SUPPLIED DATA Start Marker

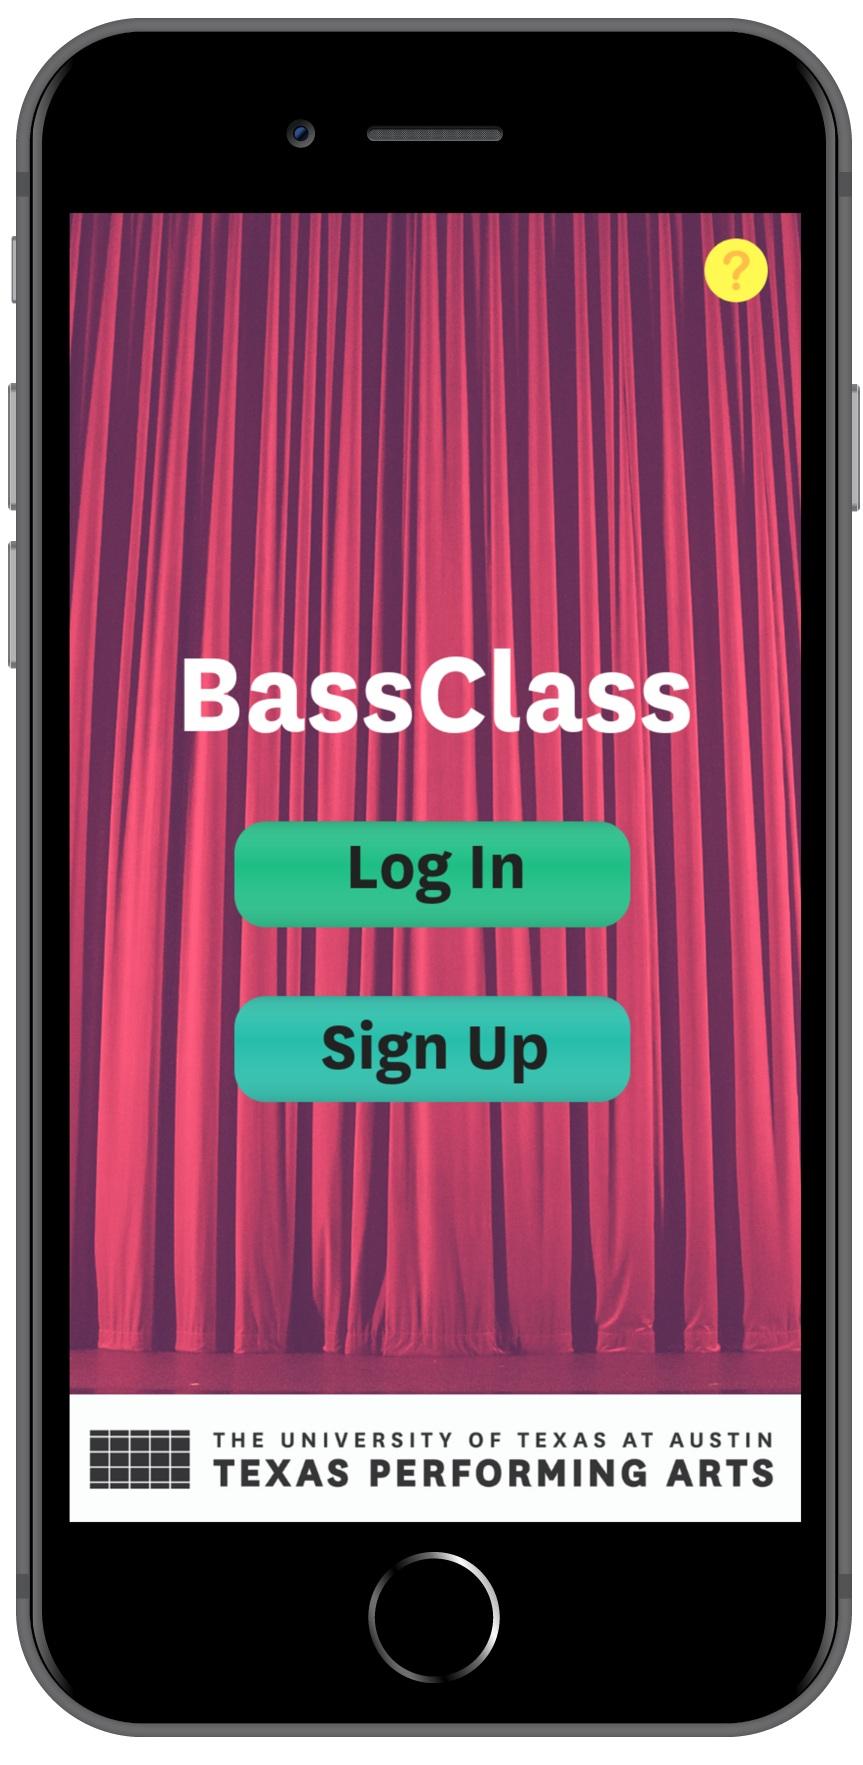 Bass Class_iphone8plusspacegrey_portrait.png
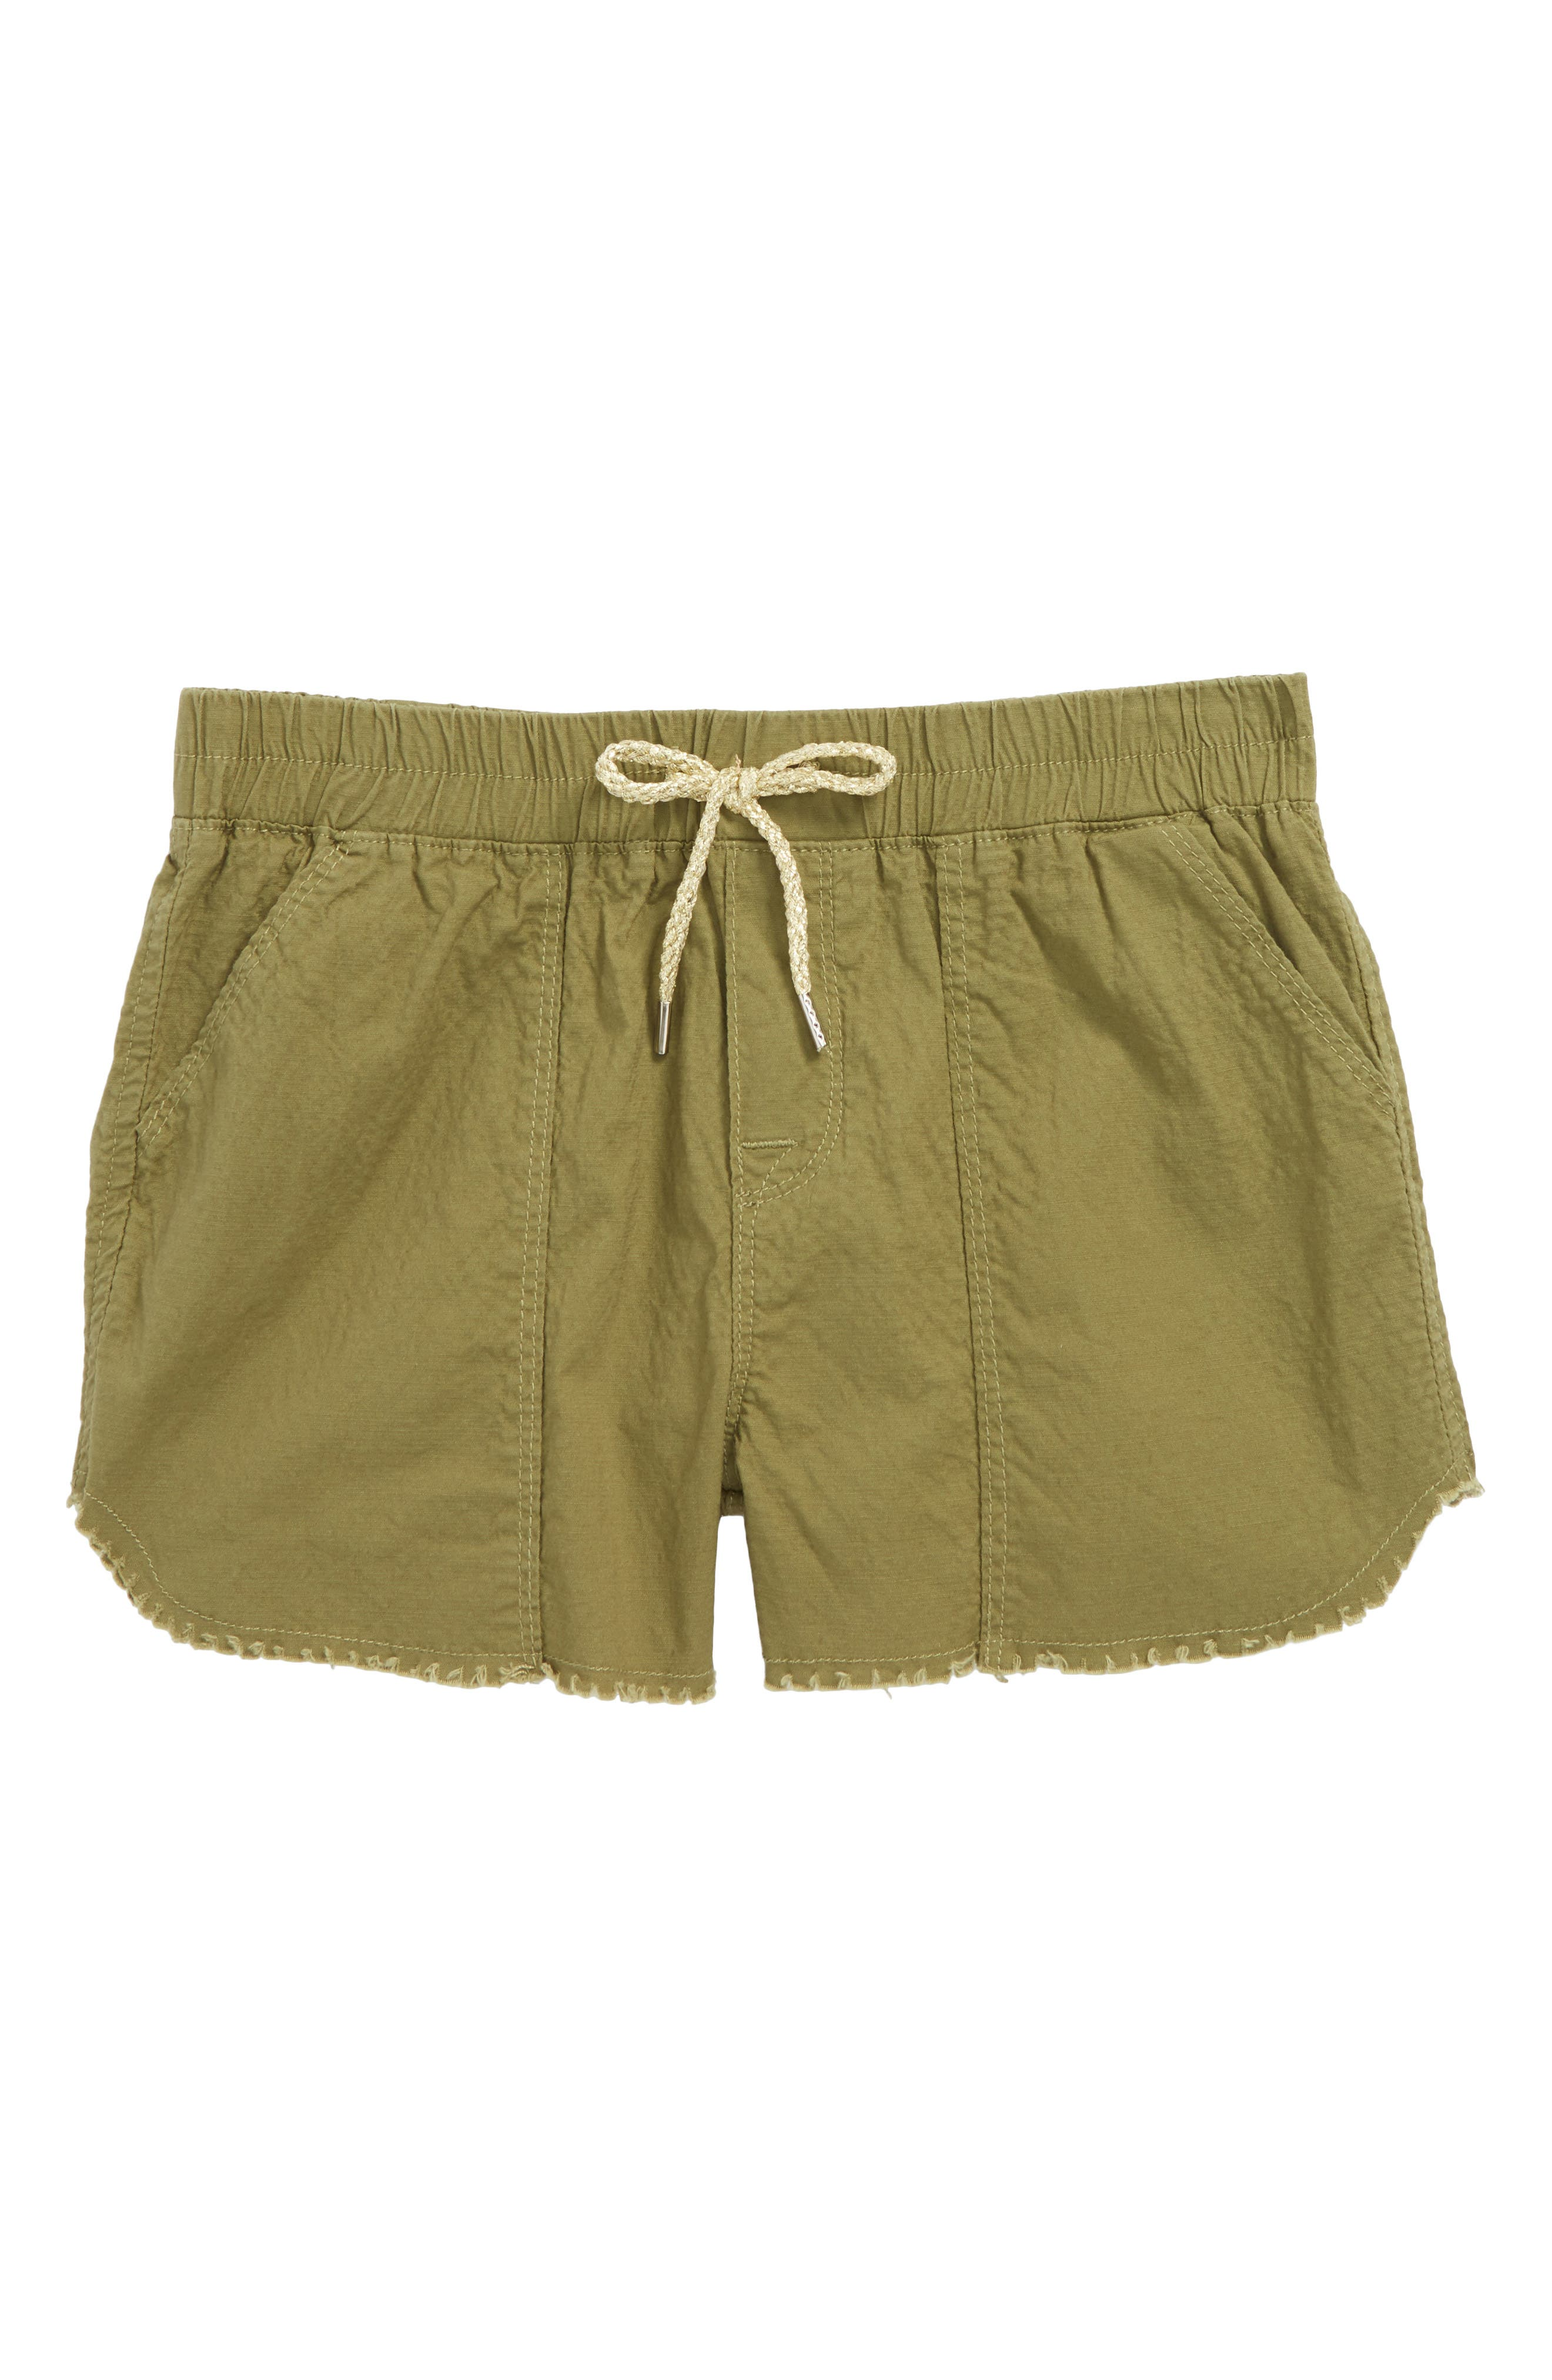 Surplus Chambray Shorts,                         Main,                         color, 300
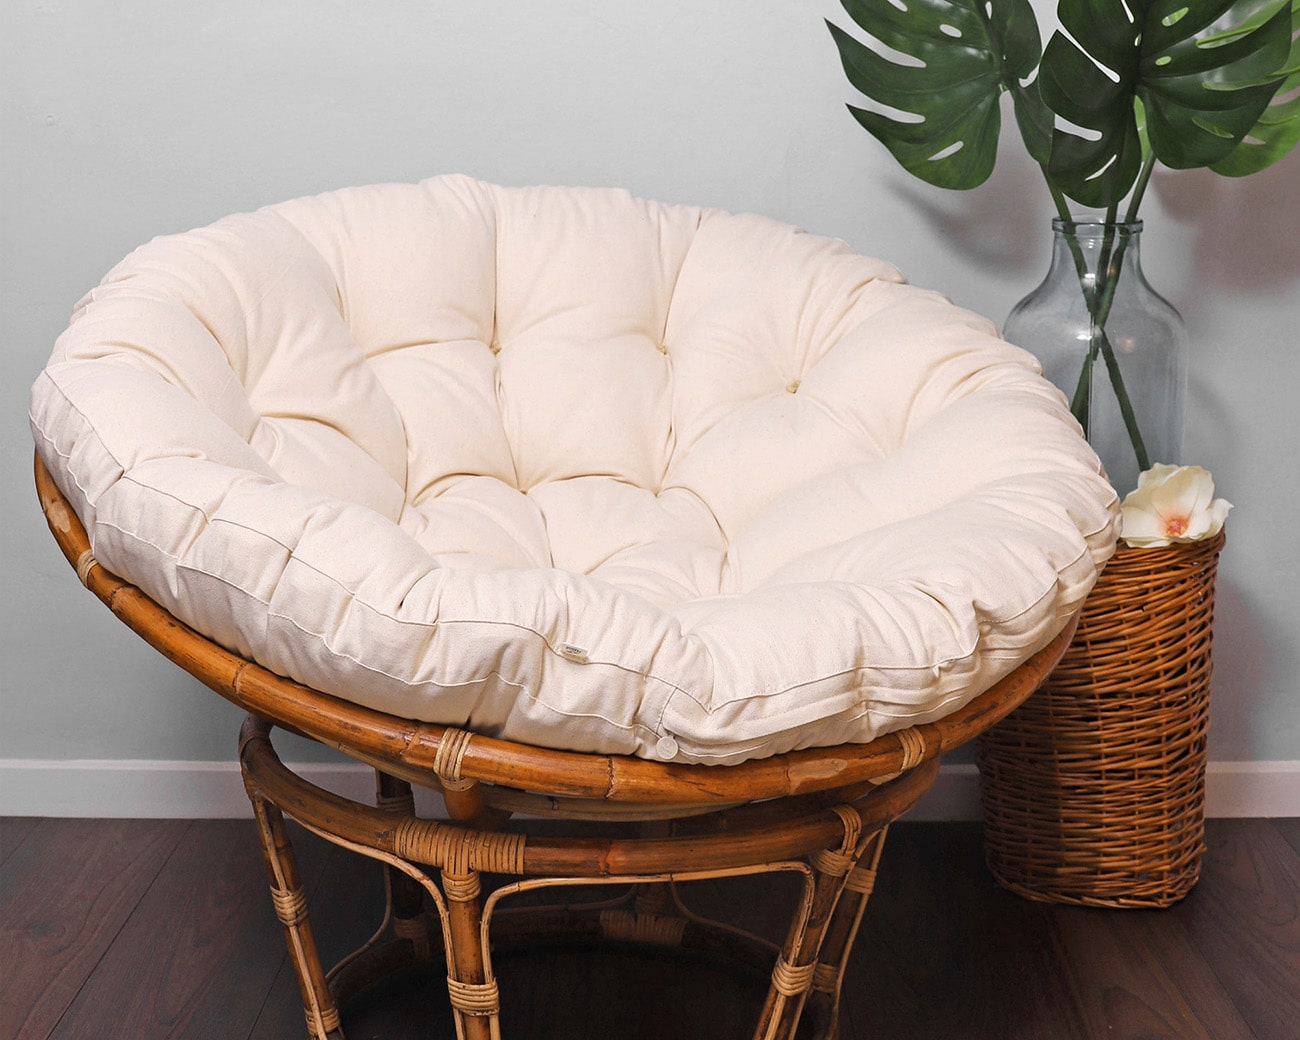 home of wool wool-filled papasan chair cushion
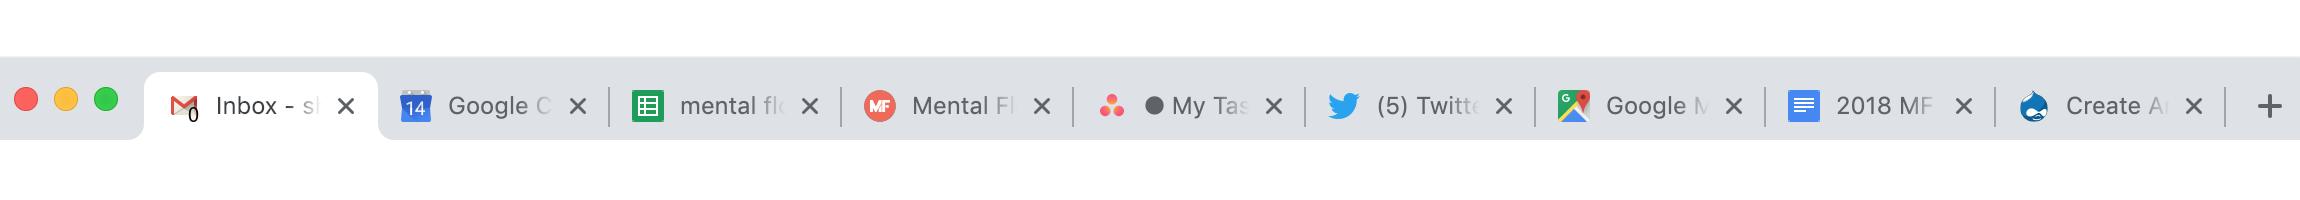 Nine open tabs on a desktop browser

SUPPLIED DATA End Marker

WHAT NEEDS TO BE DONE: Could you return the entire listing above verbatim while dropping each picture?

EXERCISE SOLUTION:
 Bass Class_iphone8plusspacegrey_portrait.png
 Surplus Chambray Shorts,                         Main,                         color, 300
 home of wool wool-filled papasan chair cushion
 Nine open tabs on a desktop browser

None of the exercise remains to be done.